I wish I’d asked for more advice during the entire process, from assembling to choosing places to submit. I’m better about asking for help now – I got tons of it while the book was being designed – but why did I isolate myself? I don’t even know. It just felt like something I had to slog through on my own.
I wish I’d known how vulnerable publishing would make me feel. It’s one thing to put out a few poems in journals, and everyone says “yay;” it’s quite another to put out a whole collection of just your stuff and no one else’s poems to prop it up. There are no ringers in my book, no solicited super-famous poets. Me. All me. I’m not the type of person that generally feels vulnerable; I’ve got backbone from my skull down to my heels. But publishing a book… it’s all out there, and it’s taking all my reservoirs of brave.
I wish I’d known I wanted to work on a whole collection of military/war inspired poems (my current project); I’d have left out the military poems in Frost.
I wish I didn’t already have two tattoos; I’d take that snaking cover image of frost on a blade of grass, courtesy of a scanning electron microscope, and have it tattooed around one of my calves. Oh yes, I would.
Deceased, for coffee: Anne Sexton. Sappho. Sylvia Plath. Hart Crane. Shakespeare. Wallace Stevens. Agha Shahid Ali. Walt Whitman. Emily Dickinson. Another list that must remain incomplete and barely brushed. But then I think, who could I tell? I mean, let’s say I did just have coffee with William Shakespeare. Oh, and he told me EVERYTHING. You wouldn’t believe me. My husband wouldn’t believe me. I would check myself in somewhere, but still, I would know I had this conversation, and all these answers to giant literary mysteries, and those answers would still die with me.
Walt Whitman, I wouldn’t be able to help myself, I’d lean across the table and give him one big, sloppy
kiss. Probably Sappho, too. Guess I’m not above the need for bragging rights. But again, who could I tell?
Dennis and I say we’ll replace it when the kids go to college, but I’d bet 20 years from now we’ll still have the same table. Hopefully I’ll still be sitting at it, writing poems.
Mmmm, who am I reading now? I just got books of poetry by Rafael Campo, Tracy K. Smith, and Patricia Fargnoli, so I’ve been pecking at those. I’m also working on Ann Aguirre’s Sirantha Jax sci-fi series. It’s good to take breaks from poetry and read sci-fi, and it’s good to take breaks from sci-fi and read poetry.
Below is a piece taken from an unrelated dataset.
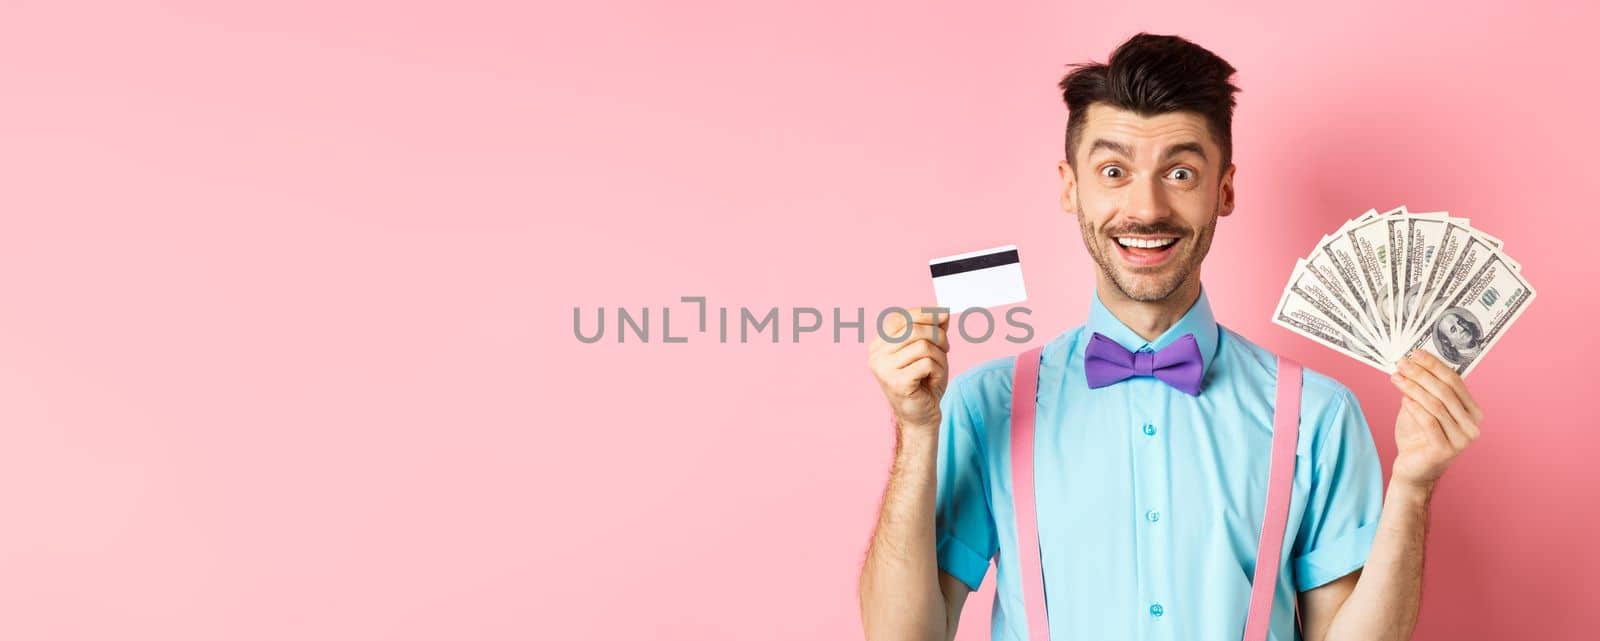 Cheerful caucasian man with moustache and bow-tie showing plastic credit card with money in dollars, smiling at camera, standing over pink background.

I also love traveling. I go to a desert – usually the Sonoran – every year or two for backpacking and feel very connected to that environment. Sleeping next to the prickly pear and cholla cactus, under the spin of stars, is an amazing way to reconnect to the world and to my family. My kids are excellent backpackers, excellent travelers. I am so grateful.
What I remember is the frustration of trying to write “Skeleton Key” while my kids were home and awake. They were toddlers and needed things, probably survival things like food, and who can blame them? I don’t usually write in this situation, but I had these lines I just had to get down. When I read the poem, I can still feel the veil of that frustration, that clouding.
“Skeleton Key” almost didn’t make the manuscript, and I’ve never chosen it at a reading. I should probably forgive that poem for whatever lingers within.
I say that now, but watch: In a month it’ll be “Ugh, SESTINA, you are killing me!”